Can Wind Energy Serve As Baseload Power? The First Circuit Agrees with the NRC That, For Now, The Answer Is “Not Yet.”

In an interesting decision issued last Friday, the Court of Appeals for the First Circuit, in Beyond Nuclear v. NextEra Energy Seabrook, affirmed the decision by the NRC rejecting a challenge to Seabrook’s relicensing posed by a coalition of environmental groups.  The decision seems clearly correct, but raises an important policy issue that is likely to recur as renewable energy technologies advance, so seemed worth mention.

The issue in the case was that the environmental groups, known collectively as “Beyond Nuclear,” contended that the relicensing proceeding should include wind as a “reasonable alternative.”  The NRC rejected BN’s contention on the ground that, because Seabrook provides baseload power, any alternative must also do so.  The NRC further concluded the intermittent nature of wind power means that it cannot be considered baseload without effective energy storage mechanisms, and that storage technology is “not sufficient demonstrated at this time.”

But what does it mean not to be sufficiently demonstrated?  As the Court noted:

The Commission explained that, because of the difficulty inherent in predicting the viability of technologies decades in advance, in most cases reasonable alternatives are those that are “currently commercially viable, or will become so in the relatively near term.”

On that standard, the Court determined that, on the record before it, the NRC had reasonably decided that wind energy could not provide baseload power “in the relatively near term.”

However, all hope is not lost for renewable energy backers.  The Court concluded by stating that:

If new information about the technical and economic feasibility of offshore wind as a source of baseload power, which differs materially from that which was available when the contention at issue was filed, becomes available prior to Seabrook’s license renewal, NRC regulations would permit the filing of a new contention, if timely submitted.

It will be interesting to see how the development of the storage industry affects these types of cases going forward.

One thought on “Can Wind Energy Serve As Baseload Power? The First Circuit Agrees with the NRC That, For Now, The Answer Is “Not Yet.”

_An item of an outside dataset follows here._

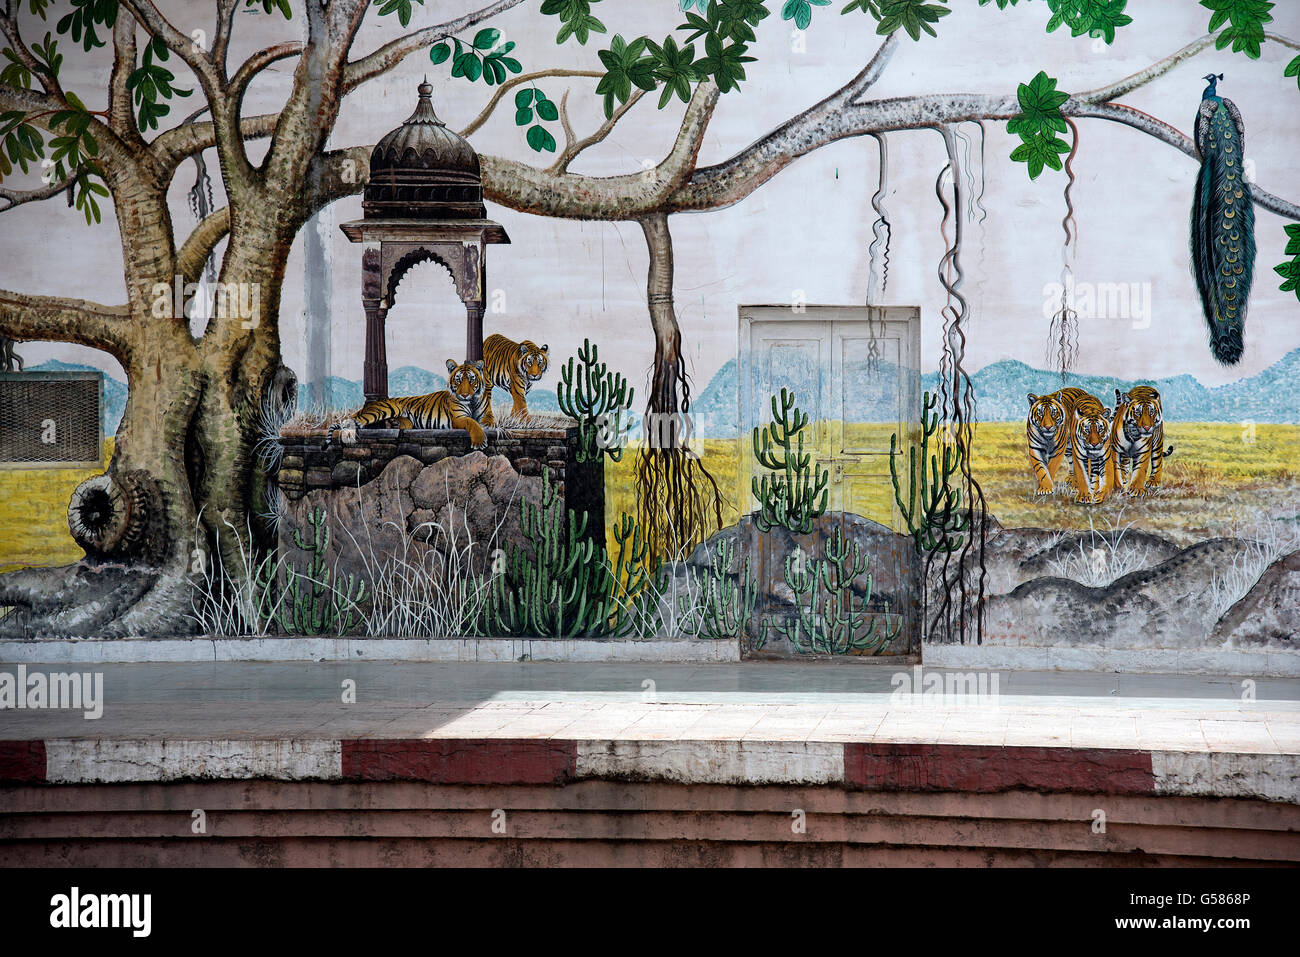 Das Bild der Malerei wurde am Sawai Madhopur Bahnhof, Indien aufgenommen. Stockfoto

  1. The cost of storage is the challenge. You can estimate the cost of storage as about $1/watt for the capacity of the electronics for converting power between AC and DC and back. Then there is the cost of the battery. The best cost I have seen so far is about $.40 per watt hour. If you were to use these numbers you would find that a very large storage system is really very expensive, much more expensive than the wind itself, when you consider that several days storage is needed to truly make wind reliable for base load power. There is also a seasonal problem, in some locations the wind blows in off peak months and then during the summer the winds are light. There is no way to store enough energy to smooth out the seasons with battery power. Possibly massive hydro might work for seasonal storage but I doubt it could be financed or even enough locations for storage of large amounts of water. One problem with trying to store a lot of energy for a long time, is there is a continuous leakage of the energy in batteries. This means that the larger you make the battery the more energy is lost in leakage. The modern high capacity batteries you purchase off the shelf have far too much leakage for long term storage. I am beginning to believe there will never be a battery technology that is low cost enough and can store large amounts of energy and do so with nearly no leakage losses.